War in Ukraine: Vatican Diplomacy Under Fire From Critics

Source: FSSPX News

Giovanni Maria Vian, former director of the Osservatore Romano

The Ukrainian conflict is an opportunity for certain voices critical of the current pontificate to speak out in Europe or in the United States: the latest, the former director of Osservatore Romano, considers the communication from the Argentine pontiff as confusing. The reaction was not long in coming.

Giovanni Maria Vian presided over the destiny of Osservatore Romano for 11 years. Before falling victim, in 2018, to Pope Francis’s major restructuring of Vatican media.

Suffice to say that excessive benevolence should not be expected from the director emeritus of the prestigious Roman daily when it comes to commenting on certain aspects of the current pontificate, as evidenced by the interview granted to Il Foglio, June 17, 2022.

The man of letters engages in a severe analysis of the management of the Ukrainian file, when he uses terms such as “confusing” to describe the communication of the Holy See whose international reputation has been, in his words, “tarnished” by a series of official declarations “ranging in all directions.”

“Initially,” explains Giovanni Maria Vian, “the Vatican media insisted that NATO bears a certain responsibility, based on its propensity to expand too much to the East. Subsequently, the Secretary of State referred to the Ukrainian people’s right to self-defense, and then in the end, the Pope again speculated 'fault' attributable to NATO’s 'barking.’”

To the question of whether he knew of any past incidents when the diplomacy of the Holy See was expressed, as he put it, in such a “contradictory” way, the former boss of Osservatore Romano, answered: “To my knowledge, no.”

And he added: “The confusion is considerable, it goes beyond the framework of communication alone, and the judgment by history will be far from positive.”

There is one thing to take into consideration for Giovanni Maria Vian: “The Argentinian origin of the Sovereign Pontiff, his character, his personal decisions and his direct and immediate way of deciding and communicating, all this helps to contextualize often surprising choices. In this time of war, one cannot fail to observe that the pope's positions resemble those of the states that were once defined as 'non-aligned'.”

Echoing this harsh criticism, the conservative American media Fox News used the same words, when accusing, on June 20, the Argentine pontiff of having “created confusion”: “The Vatican missed the opportunity to bring clarity to ethics in Russia's war against Ukraine,” opined Francis Rooney.

The defense of Pope Francis did not take long, it came from the newspaper Il Foglio. A few days later, the writer and journalist Marco Politi dismantled – without naming their authors – one by one the criticisms made against the pope.

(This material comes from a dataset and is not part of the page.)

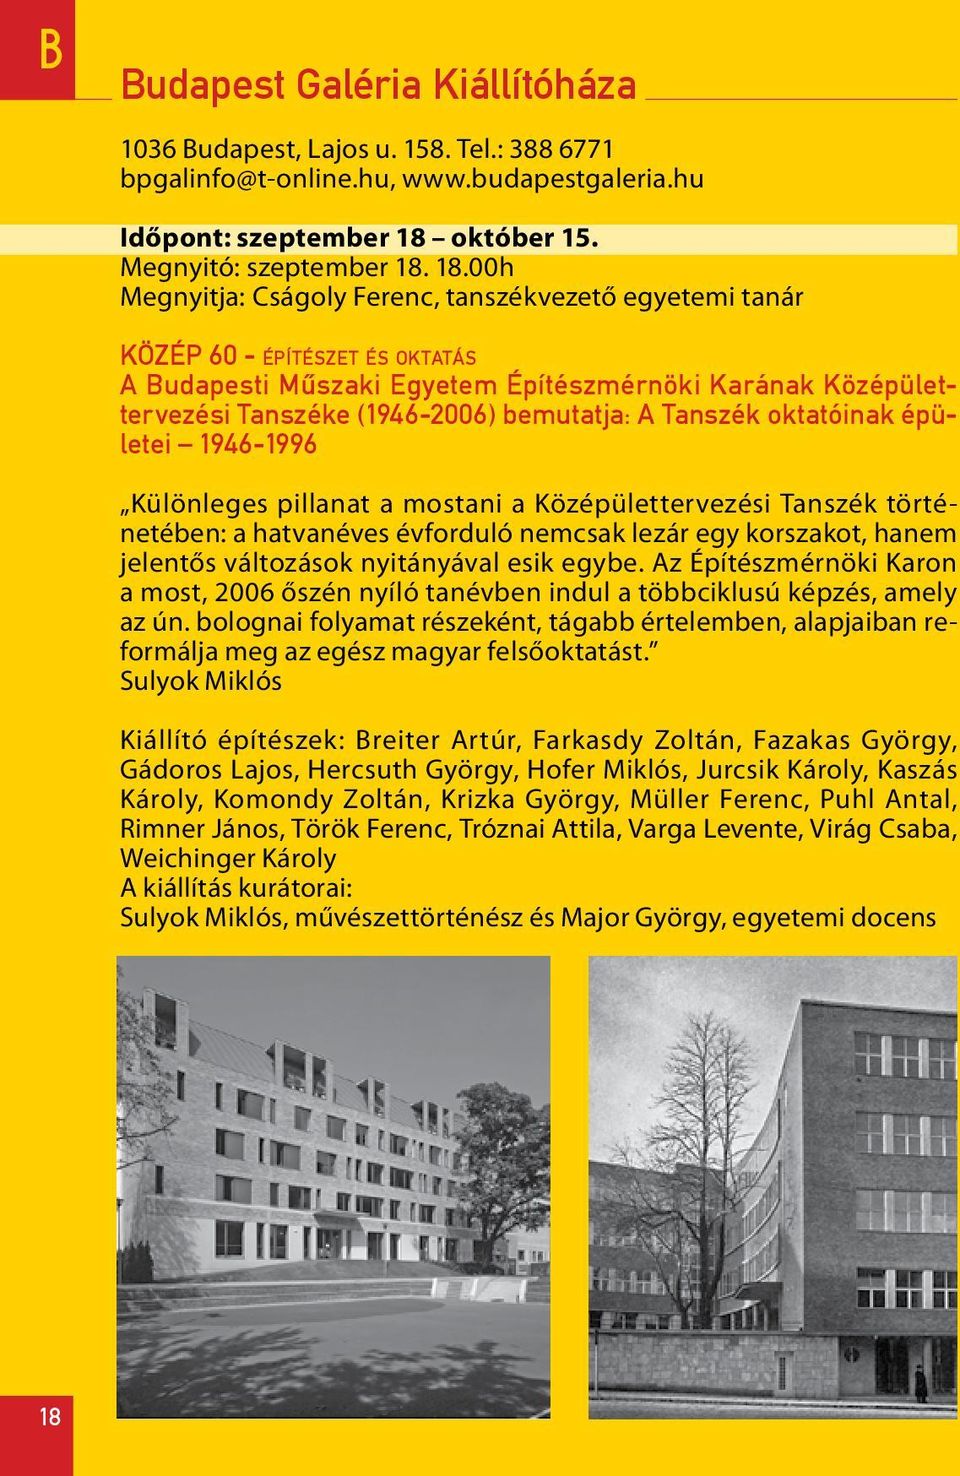 18.00h Megnyitja: Cságoly Ferenc, tanszékvezető egyetemi tanár KÖZÉP 60 - építészet és oktatás A Budapesti Mûszaki Egyetem Építészmérnöki Karának Középülettervezési Tanszéke (1946-2006) bemutatja: A

“The Pope broke the spell of political correctness that surrounded the Ukrainian conflict from the first moment,” he explains, referring to a speech by Pope Francis for whom “the war in Ukraine should not be judged according to the diagram which assumes that there is a good Little Red Riding Hood, and a very bad wolf.”

According to the journalist, the papal communication aims to “dismantle the simplistic fable of the conflict in Ukraine,” the statements emanating from the Vatican are “relevant” and “anything but improvised.… Francis is shining the spotlight on the logic of escalation by inertia” currently at work in the conflict, he believes.

Finally, the Pope himself seems to have answered his opponents during the Angelus on June 19: “Faced with the suffering of a martyred people, we are not faced with two lines of political action (in opposition) it is rather human responsibility that is at stake.”